Итил был готов первым, и первым поднялся во владения звезд, и стал старшим из светочей, как Тельперион был старшим из Древ. Тогда в озаренном Луной мире проснулось и шевельнулось многое, что ждало своего часа во сне Йаванны. Прислужники Моргота смутились, но эльфы Внешних Земель с восторгом смотрели вверх; и когда Луна, рассеяв мглу, поднялась на западе, Финголфин протрубил в серебряные трубы и начал переход в Средиземье, и тени воинов, длинные и черные, бежали впереди.
Тилион пересек небо семь раз и был на краю востока, когда вышла в путь ладья Ариэн. Анар поднялся в блеске, и первый восход Солнца, подобно гигантскому пожару, озарил пики Перолов; тучи, застилавшие Средиземье, вспыхнули, и послышался плеск множества водопадов. Тут Моргот пришел в смятение, укрылся в глубочайшем чертоге Ангбанда и отозвал с Земли своих слуг, мглой и облаками тьмы укрыв свое обиталище от света Дневной Звезды.
По замыслу Варды, обе ладьи должны плавать в Ильмене, и всегда ро́зно, а не вместе; каждая должна была проходить из Валинора на восток и возвращаться – одна отплывать с запада тогда же, когда другая – с востока. Так первый новый день, подобный дням Дерев, начался с часа смешения света, когда Ариэн и Тилион, плывя своими путями, разминулись над центром Земли. Но Тилион был бродягой и не сохранял скорости, не держался назначенного пути; он стремился приблизиться к Ариэн, ибо ее блеск и краса влекли его, хотя пламя Анара обжигало его, и остров Луны затемнялся.
Потому из-за бродяжничества Тилиона, а более того – по просьбе Лориэна и Эсте, которые сказали, что сон и отдых покинули Землю, а звезды сокрыты, Варда изменила свое решение и назначила время, когда в мире по-прежнему будут тень и полусвет. Потому Анар какое-то время отдыхал в Валиноре, прильнув к прохладной груди Внешнего Моря; и Вечер, время отдыха Солнца, был часом наиярчайшего света и радости в Амане. Но вскоре слуги Ульмо уносили Солнце в глубину, и оно спешило пройти под Землей, незримо явиться на восток и там вновь взойти на небо, чтобы ночь не затягивалась и лихо не бродило под Луной. Однако Анар согревал воды Внешнего Моря, и они мерцали цветным огнем, и после ухода Ариэн в Валиноре еще оставался свет. Но когда она проходила под Землей, зарево меркло, и Валинор погружался во тьму, и особенно скорбели тогда валары о гибели Лаурелин. На рассвете тени Охранных Гор тяжко ложились на Благословенный Край.
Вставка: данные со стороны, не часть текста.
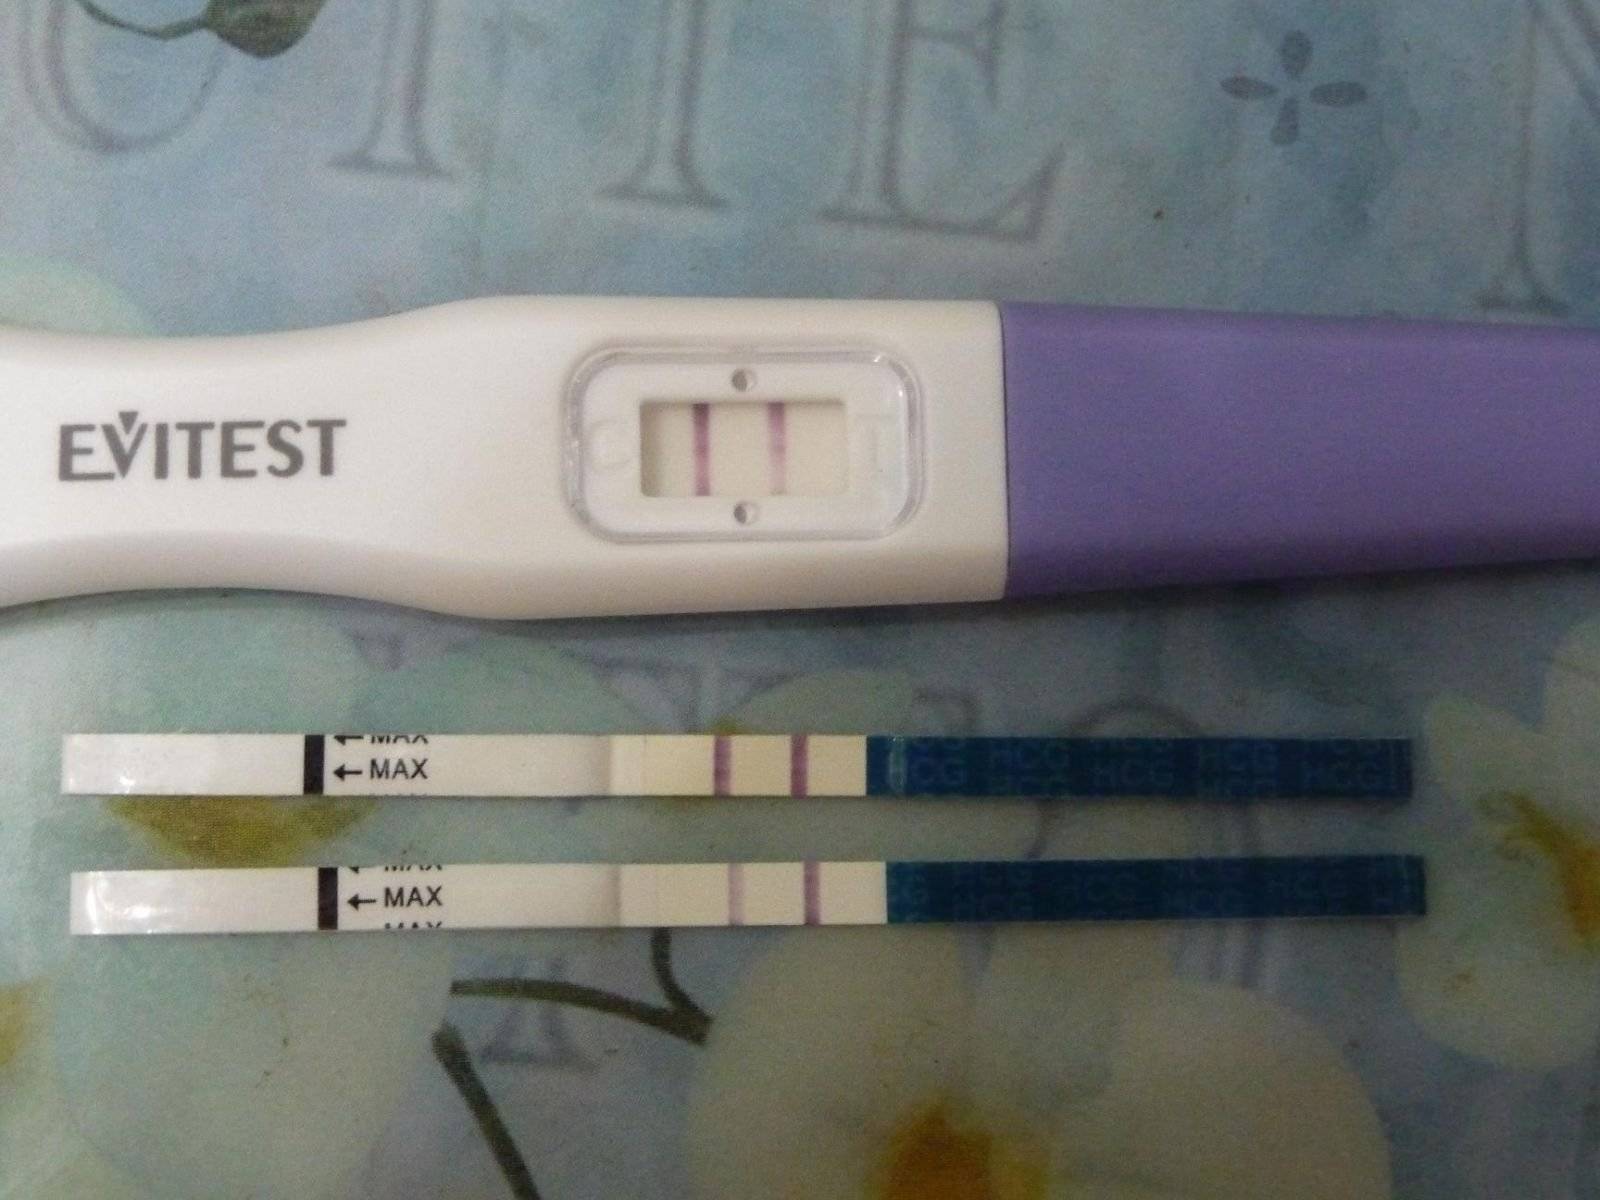 Отрицательный тест на беременность: когда результат можно считать достоверным?

Варда повелела Луне ходить так же и, проходя под Землей, вставать на востоке, но лишь когда Солнце сойдет с небес. Однако скорость Тилиона непостоянна, и его, как прежде, влечет к Ариэн; так что часто можно видеть над Землей обоих, а иногда случается, что Тилион приближается к ней настолько, что тень его пересекает ее сияние и наступает тьма среди дня.
Потому, с тех пор и до Изменения Мира, валары считали дни с восхода до заката Анара. Ибо Тилион редко мешкал в Валиноре – чаще всего он быстро проносился над западными землями, над Аватаром, Араманом или Валинором, с разбегу кидался в бездну под Внешним Морем и пролагал там путь среди гротов и пещер у корней Арды. Там он часто бродил подолгу и возвращался поздно.
И все же после долгой Ночи свет Валинора был ярче и прекрасней, чем в Средиземье, ибо там отдыхало Солнце, и небесные огни в том краю были ближе к Земле. Но ни Солнцу, ни Луне не воскресить памяти о древнем свете, что исходил от Древ, прежде чем яд Унголианты коснулся их. Тот свет живет ныне лишь в Сильмарилах.
Моргот же ненавидел новые светила и был какое-то время смущен. Потом он напал на Тилиона, наслав на него духов тьмы, и они бились в Ильмене, под путями звезд, но Тилион победил. Ариэн же внушала Морготу великий страх, но не рисковал он приближаться к ней, так как силы его истощились, ибо злоба его возрастала; и он изрыгал лихо, порождая ложь и лиходейских тварей – и мощь его переходила в них и рассеивалась, а он сам оказывался все прочнее прикованным к земле и не желал покидать своих темных твердынь. Мглою окутал он себя и своих прислужников от Ариэн, чьего взгляда не мог вынести, и земли близ его обиталища крылись в туманах и тучах.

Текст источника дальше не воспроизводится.